I'm not in a position to review the code, however. I'll entrust our
Python experts in their reviews. ;-)

Regards,
Yann E. MORIN.

> ---
>  support/scripts/size-stats | 217 +++++++++++++++++++++++++++++++++++++++++++++
>  1 file changed, 217 insertions(+)
>  create mode 100755 support/scripts/size-stats
> 
> diff --git a/support/scripts/size-stats b/support/scripts/size-stats
> new file mode 100755
> index 0000000..54685f6
> --- /dev/null
> +++ b/support/scripts/size-stats
> @@ -0,0 +1,217 @@
> +#!/usr/bin/env python
> +
> +# Copyright (C) 2014 by Thomas Petazzoni <thomas.petazzoni@free-electrons.com>
> +
> +# This program is free software; you can redistribute it and/or modify
> +# it under the terms of the GNU General Public License as published by
> +# the Free Software Foundation; either version 2 of the License, or
> +# (at your option) any later version.
> +#
> +# This program is distributed in the hope that it will be useful,
> +# but WITHOUT ANY WARRANTY; without even the implied warranty of
> +# MERCHANTABILITY or FITNESS FOR A PARTICULAR PURPOSE. See the GNU
> +# General Public License for more details.
> +#
> +# You should have received a copy of the GNU General Public License
> +# along with this program; if not, write to the Free Software
> +# Foundation, Inc., 59 Temple Place, Suite 330, Boston, MA 02111-1307 USA
> +
> +import sys
> +import os
> +import os.path
> +import argparse
> +import csv
> +import collections
> +
> +try:
> +    import matplotlib
> +    matplotlib.use('Agg')
> +    import matplotlib.font_manager as fm
> +    import matplotlib.pyplot as plt
> +except ImportError:
> +    sys.stderr.write("You need python-matplotlib to generate the size graph\n")
> +    exit(1)
> +
> +colors = ['#e60004', '#009836', '#2e1d86', '#ffed00',
> +          '#0068b5', '#f28e00', '#940084', '#97c000']
> +
> +#
> +# This function adds a new file to 'filesdict', after checking its
> +# size. The 'filesdict' contain the relative path of the file as the
> +# key, and as the value a tuple containing the name of the package to
> +# which the file belongs and the size of the file.
> +#
> +# filesdict: the dict to which  the file is added
> +# relpath: relative path of the file
> +# fullpath: absolute path to the file
> +# pkg: package to which the file belongs
> +#
> +def add_file(filesdict, relpath, abspath, pkg):
> +    if not os.path.exists(abspath):
> +        return
> +    if os.path.islink(abspath):
> +        return
> +    sz = os.stat(abspath).st_size
> +    filesdict[relpath] = (pkg, sz)
> +
> +#
> +# This function returns a dict where each key is the path of a file in
> +# the root filesystem, and the value is a tuple containing two
> +# elements: the name of the package to which this file belongs and the
> +# size of the file.
> +#
> +# builddir: path to the Buildroot output directory
> +#
> +def build_package_dict(builddir):
> +    filesdict = {}
> +    with open(os.path.join(builddir, "build", "packages-file-list.txt")) as filelistf:
> +        for l in filelistf.readlines():
> +            pkg, fpath = l.split(",")
> +            # remove the initial './' in each file path
> +            fpath = fpath.strip()[2:]
> +            fullpath = os.path.join(builddir, "target", fpath)

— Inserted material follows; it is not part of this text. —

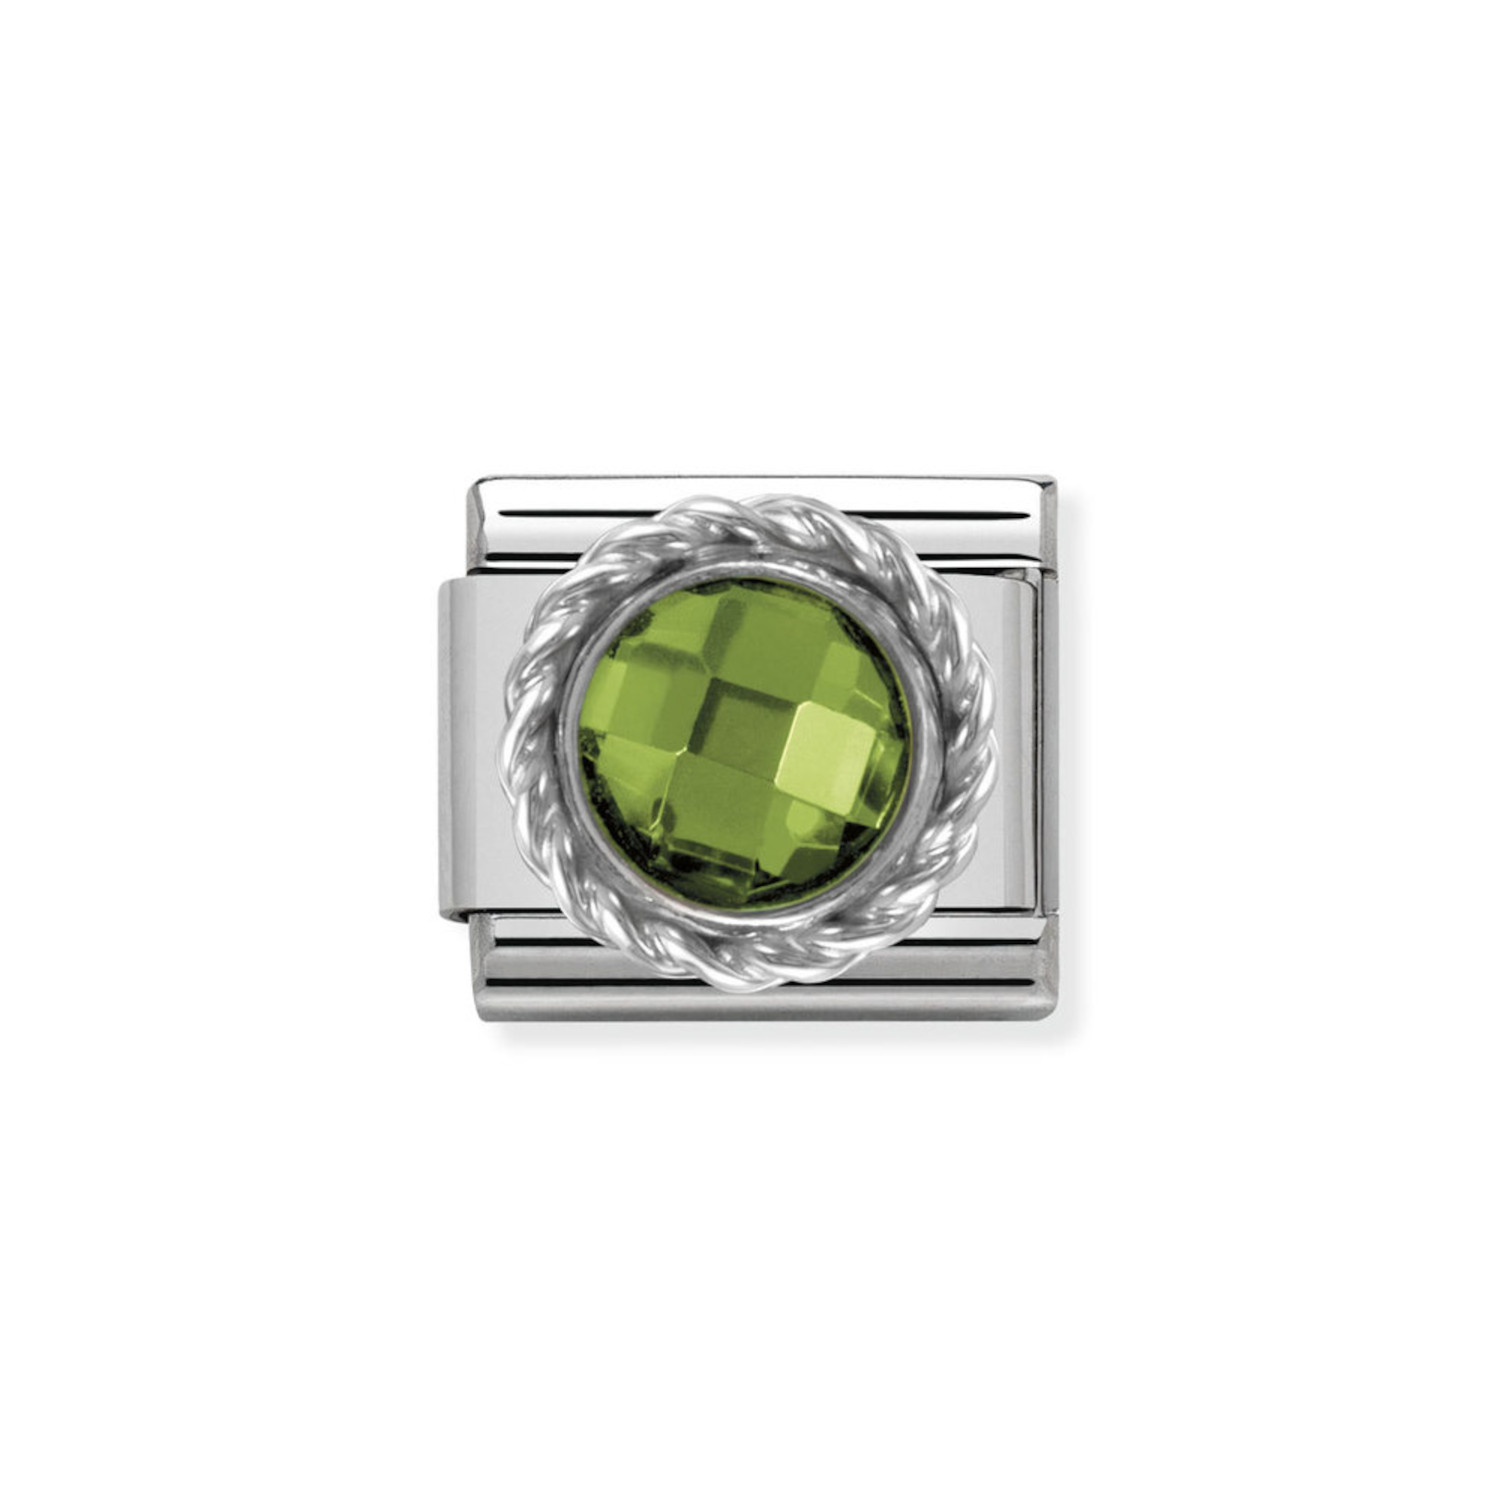 NOMINATION COMPOSABLE CLASSIC LINK IN STERLING SILVER WITH ROUND FACETED GREEN STONE 330601/004
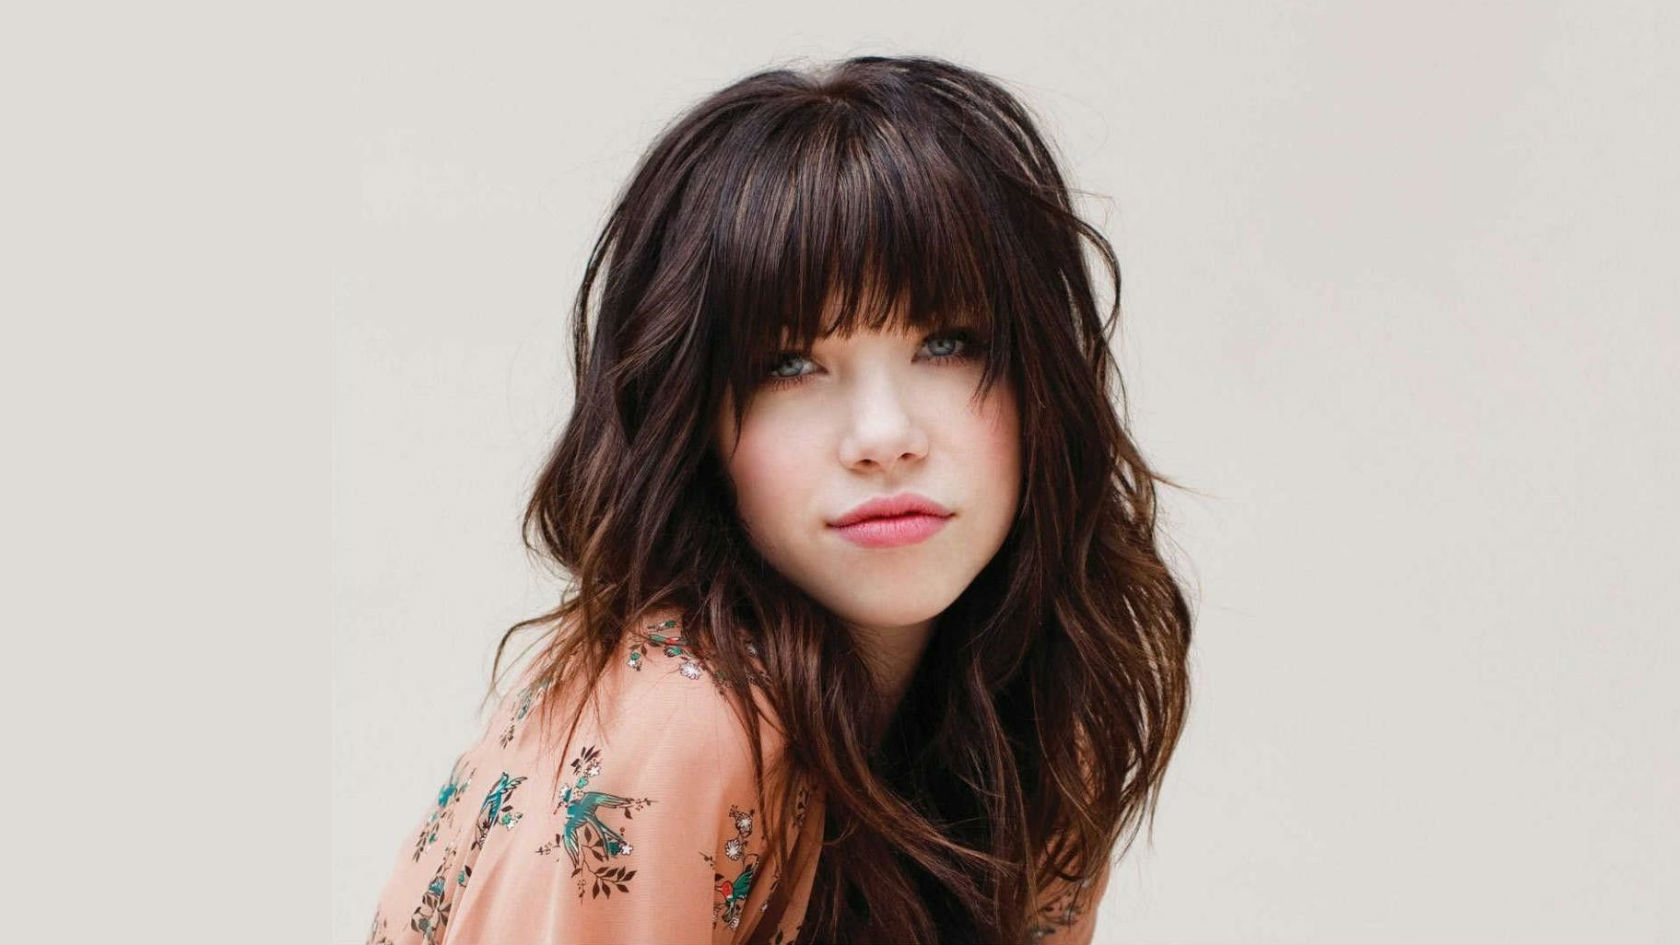 Carly Rae Jepsen Drops New Single 'I Really Like You' | lifewithoutandy

> +            add_file(filesdict, fpath, fullpath, pkg)
> +    return filesdict
> +
> +#
> +# This function builds a dictionary that contains the name of a
> +# package as key, and the size of the files installed by this package
> +# as the value.
> +#
> +# filesdict: dictionary with the name of the files as key, and as
> +# value a tuple containing the name of the package to which the files
> +# belongs, and the size of the file. As returned by
> +# build_package_dict.
> +#
> +# builddir: path to the Buildroot output directory
> +#
> +def build_package_size(filesdict, builddir):
> +    pkgsize = collections.defaultdict(int)
> +
> +    for root, _, files in os.walk(os.path.join(builddir, "target")):
> +        for f in files:
> +            fpath = os.path.join(root, f)
> +            if os.path.islink(fpath):
> +                continue
> +            frelpath = os.path.relpath(fpath, os.path.join(builddir, "target"))
> +            if not frelpath in filesdict:
> +                print("WARNING: %s is not part of any package" % frelpath)
> +                pkg = "unknown"
> +            else:
> +                pkg = filesdict[frelpath][0]
> +
> +            pkgsize[pkg] += os.path.getsize(fpath)
> +
> +    return pkgsize
> +
> +#
> +# Given a dict returned by build_package_size(), this function
> +# generates a pie chart of the size installed by each package.
> +#
> +# pkgsize: dictionary with the name of the package as a key, and the
> +# size as the value, as returned by build_package_size.
> +#
> +# outputf: output file for the graph
> +#
> +def draw_graph(pkgsize, outputf):
> +    total = sum(pkgsize.values())
> +    labels = []
> +    values = []
> +    other_value = 0
> +    for (p, sz) in pkgsize.items():
> +        if sz < (total * 0.01):
> +            other_value += sz
> +        else:
> +            labels.append("%s (%d kB)" % (p, sz / 1000.))
> +            values.append(sz)
> +    labels.append("Other (%d kB)" % (other_value / 1000.))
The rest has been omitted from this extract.